До сих пор Ксавье Бовуа был внимателен и точен в деталях, выстраивая нечто большее, чем банальный «высокодуховный» байопик, хотя в картине попадались ходульные моменты, когда, например, после окончательного принятия решения настоятель выходит в сад и подставляет лицо под живительные струи дождя. Но дальше в фильме есть сцена, составляющая его главную проблему, возможно, даже роковой фол, который для кого-то из зрителей может аннулировать весь накопленный кредит доверия. Уж слишком легко обедня может превратиться в фарс.

В фильме «О людях и богах» есть момент эпифании. Это сцена, которую можно назвать «Последней вечерей», — торжественный братский ужин перед уже неминуемым концом.
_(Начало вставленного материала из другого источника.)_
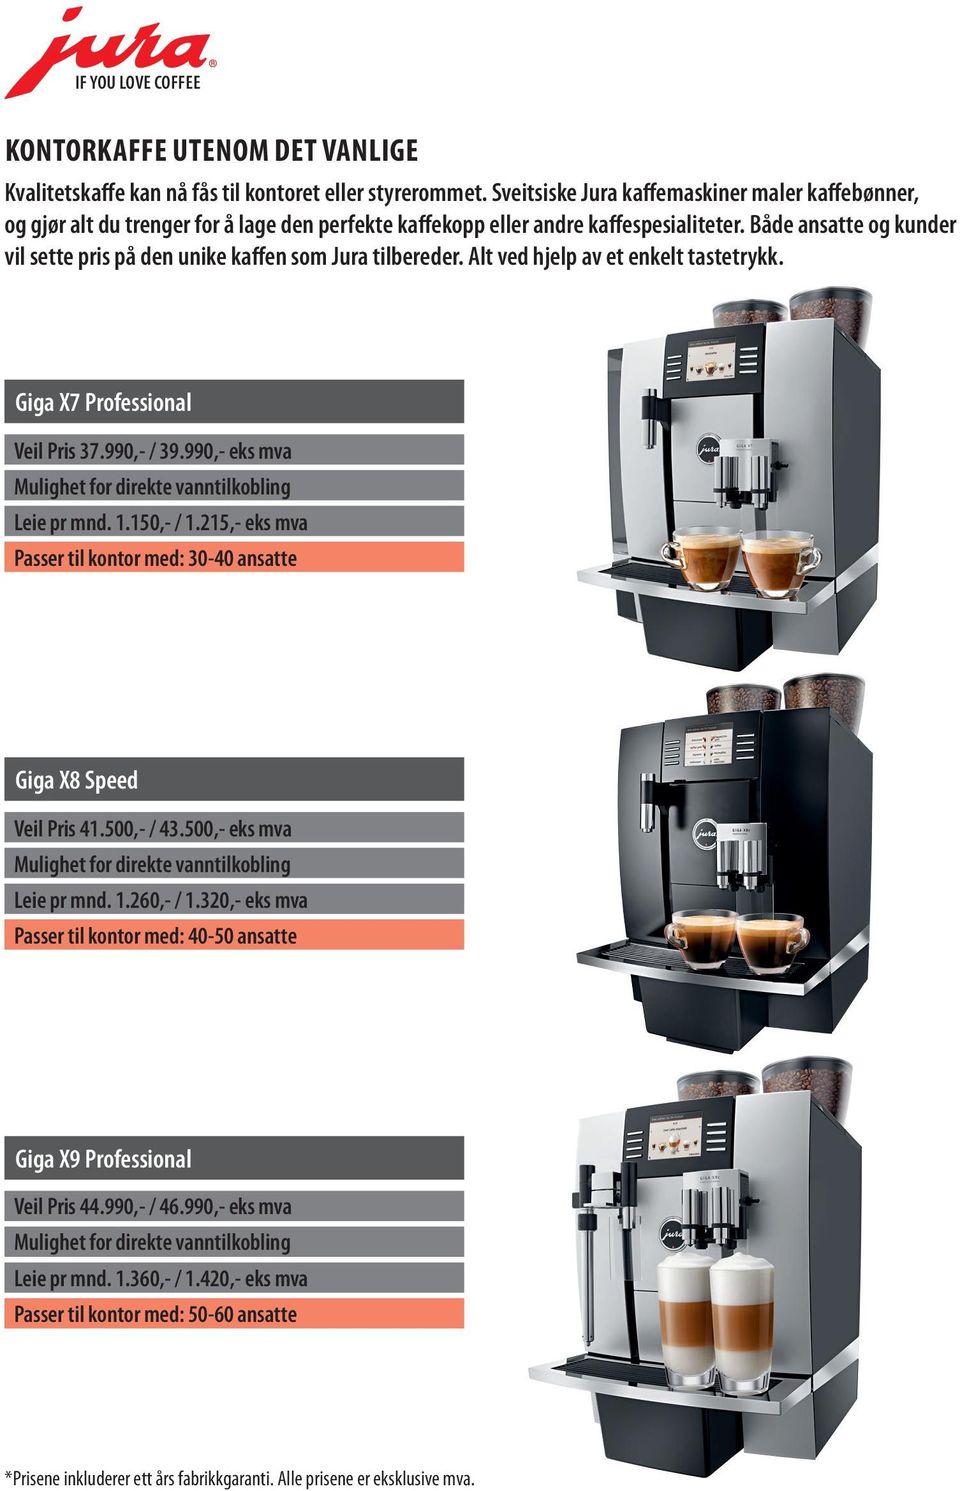 Både ansatte og kunder vil sette pris på den unike kaffen som Jura tilbereder. Alt ved hjelp av et enkelt tastetrykk. Giga X7 Professional Veil Pris 37.990,- / 39.

Монахи сидят за столом, рама окна подчеркивает рамку кадра, на подоконнике симметрично стоят свечи. Брат Люк встает и включает стоящий в углу магнитофон. Ошибиться невозможно: из магнитофона льется «Лебединое озеро». Из диегитической, то есть звучащей внутри мира фильма, музыка постепенно становится экстрадиегитической, заполняя все вокруг своим пафосом. В подтверждение того, что все делается искренне и всерьез, на музыку накладывается аффектированный монтаж взглядов, улыбок и слез экзальтации. Если по отношению к этому фильму можно говорить о спойлерах, то, по-видимому, главный спойлер содержится именно в этой сцене. В фильме «Согласно Матьё», рассказывавшем вполне светскую историю, вначале, в сцене, снятой с высоты птичьего полета, звучат «Страсти по Матфею» Баха, и, как ни странно, ощущения безвкусицы не возникает. Почему в светской истории звучат «Страсти по Матфею», а в религиозной — «Лебединое озеро», пусть даже эта, не лишенная саспенса музыка жестко кодирована только для русского уха? Было бы лучше, если бы в сцене прозвучали «Страсти по Матфею», как звучит «Аве Мария» в «Лурде» Джессики Хауснер? Или же все-таки необходим некоторый сдвиг в музыкальном сопровождении по отношению к теме?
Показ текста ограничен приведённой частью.